What you are asked to do: The response should contain all of the data below, reproduced exactly, and no pictures.

Data provided:
Segment Open

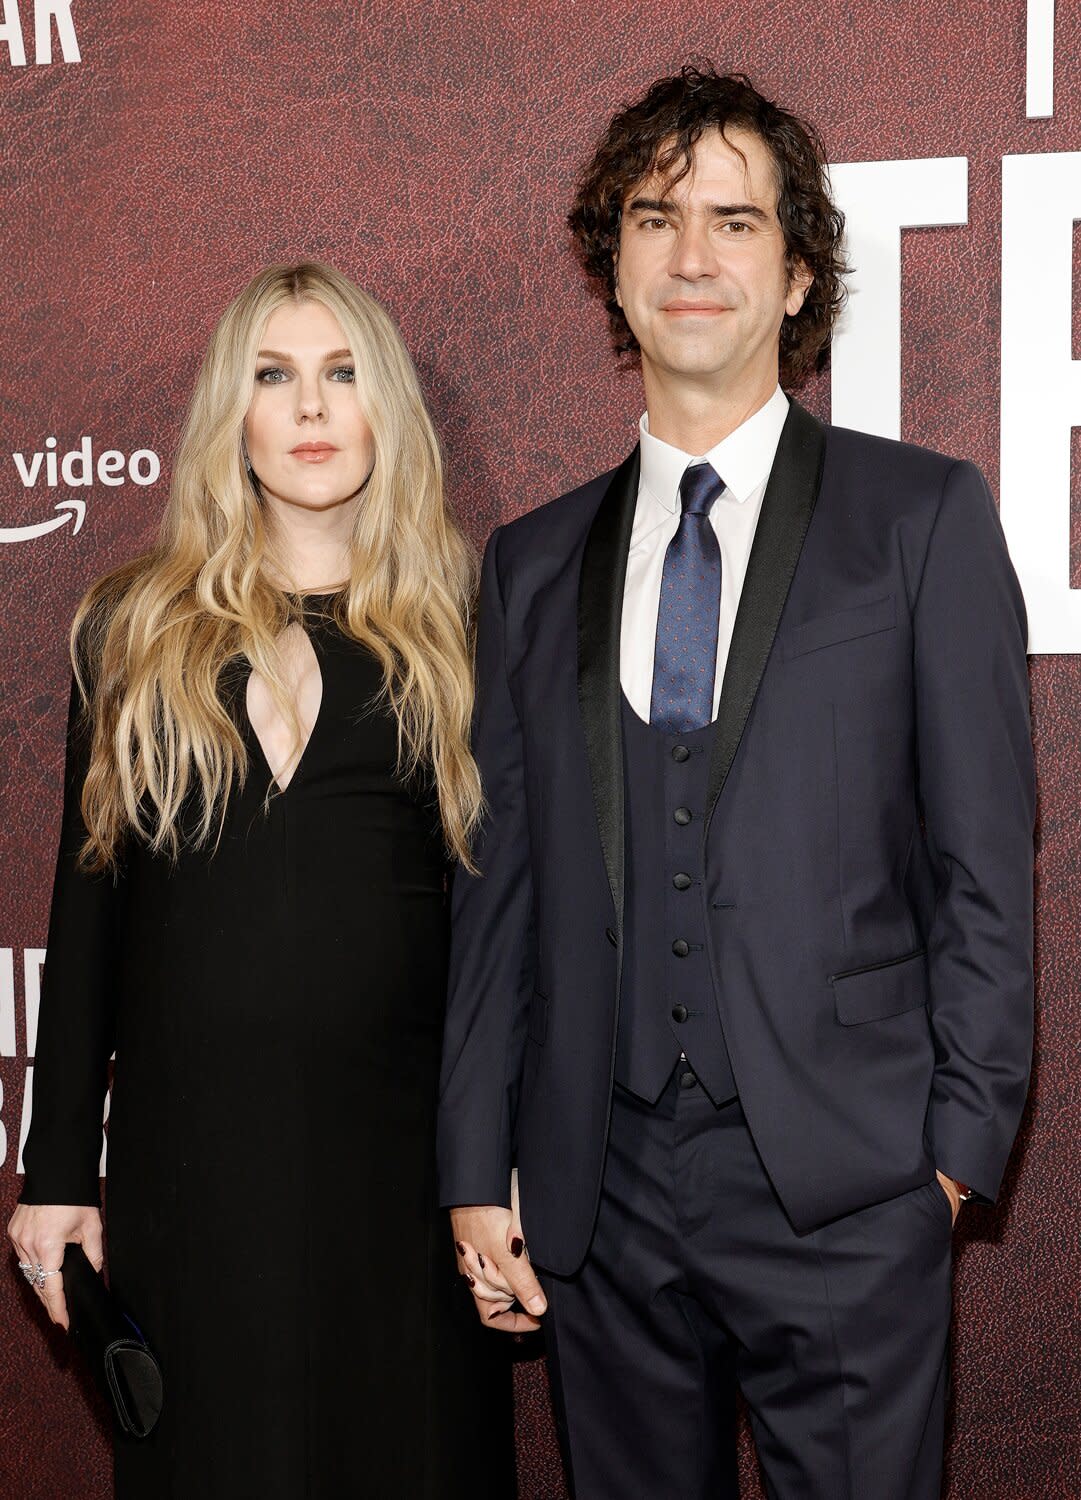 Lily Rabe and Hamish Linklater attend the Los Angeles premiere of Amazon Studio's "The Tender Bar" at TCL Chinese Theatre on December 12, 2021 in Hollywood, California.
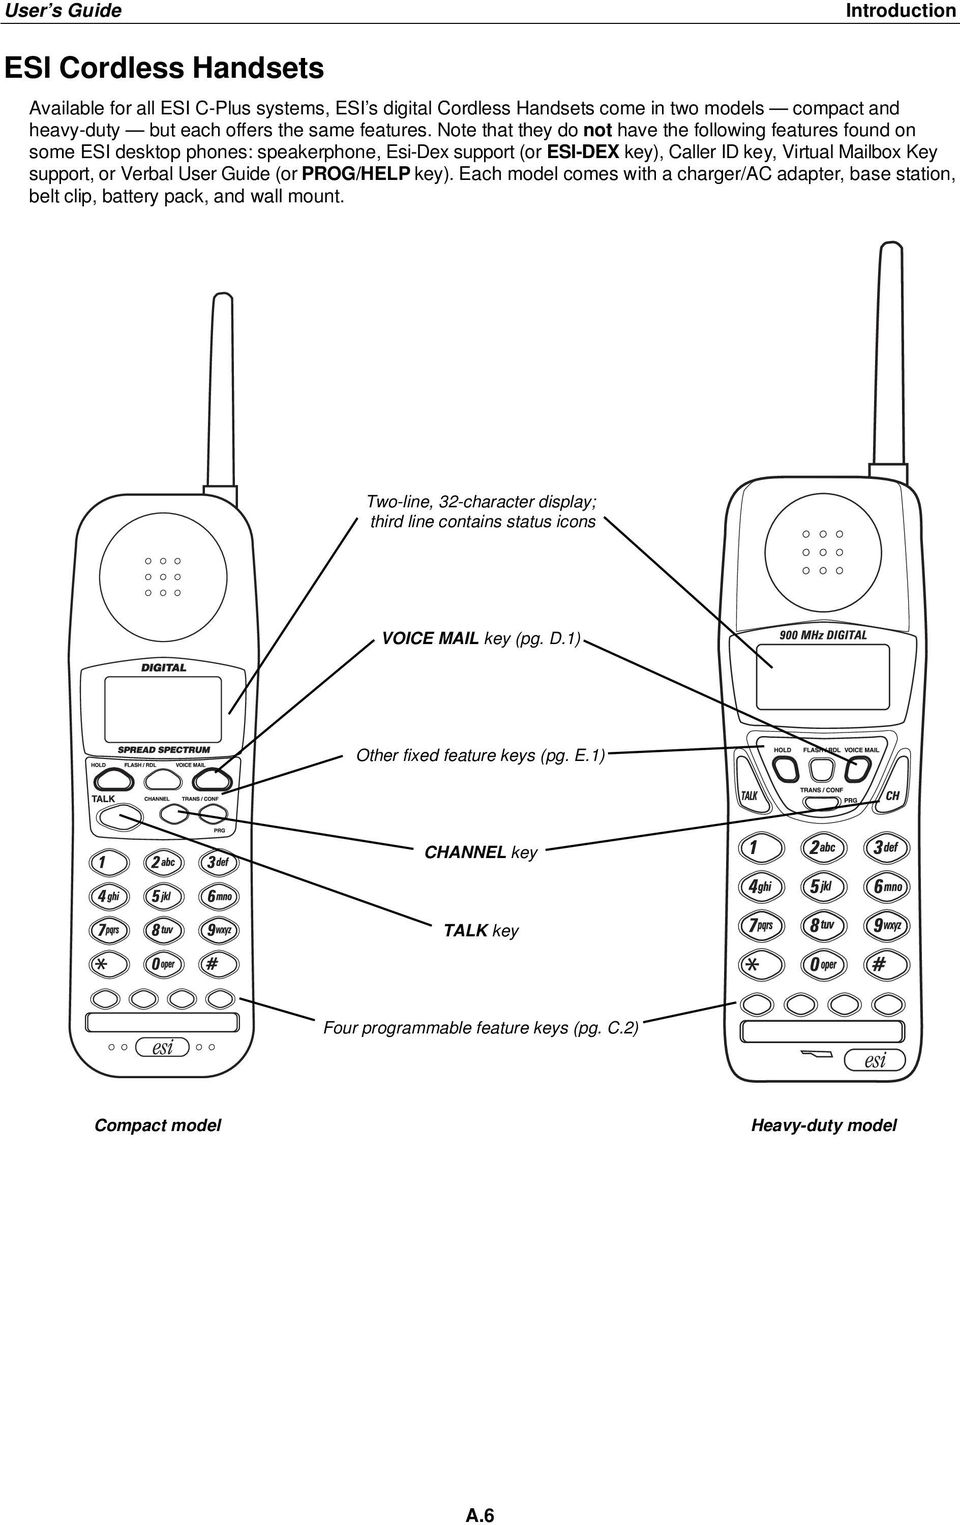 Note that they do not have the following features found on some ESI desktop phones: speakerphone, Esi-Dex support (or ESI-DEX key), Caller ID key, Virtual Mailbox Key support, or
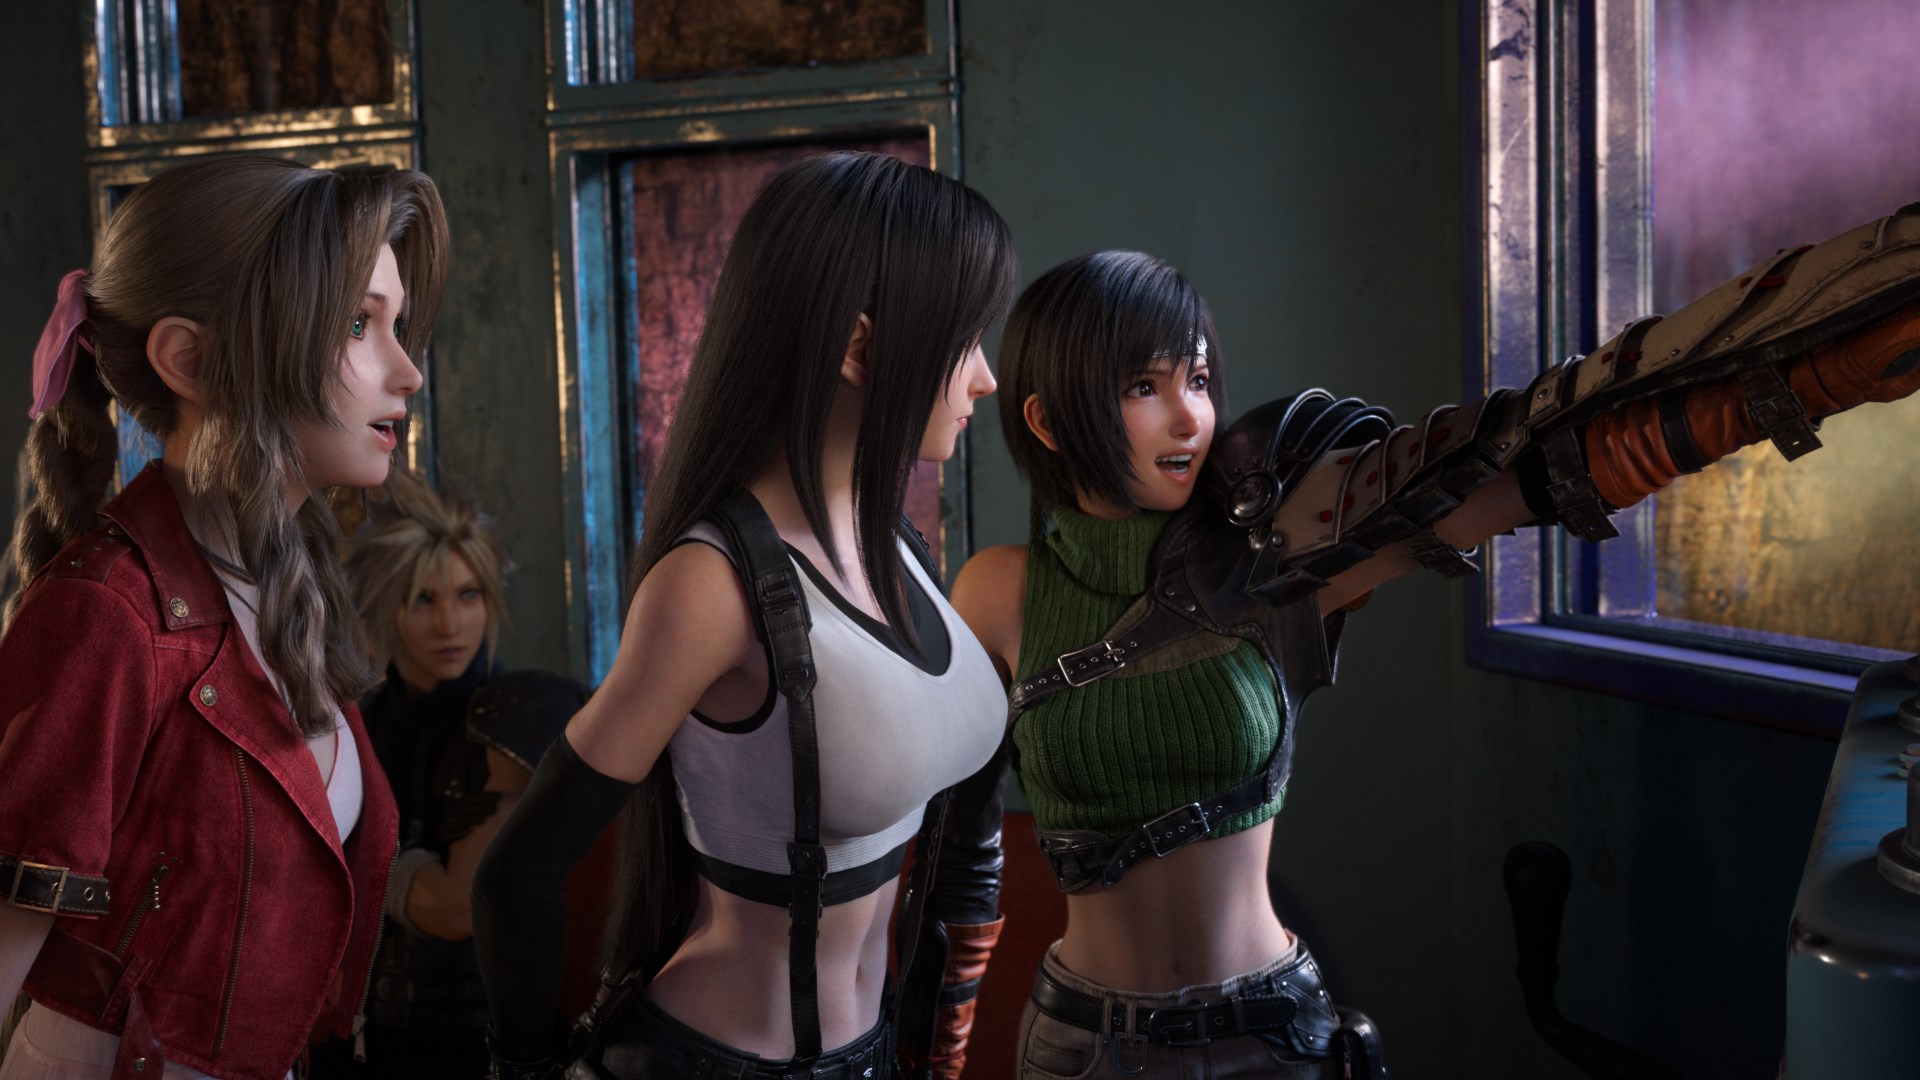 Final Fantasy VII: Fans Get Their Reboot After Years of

Segment Closed

Task result:
 Lily Rabe and Hamish Linklater attend the Los Angeles premiere of Amazon Studio's "The Tender Bar" at TCL Chinese Theatre on December 12, 2021 in Hollywood, California.
 Note that they do not have the following features found on some ESI desktop phones: speakerphone, Esi-Dex support (or ESI-DEX key), Caller ID key, Virtual Mailbox Key support, or
 Final Fantasy VII: Fans Get Their Reboot After Years of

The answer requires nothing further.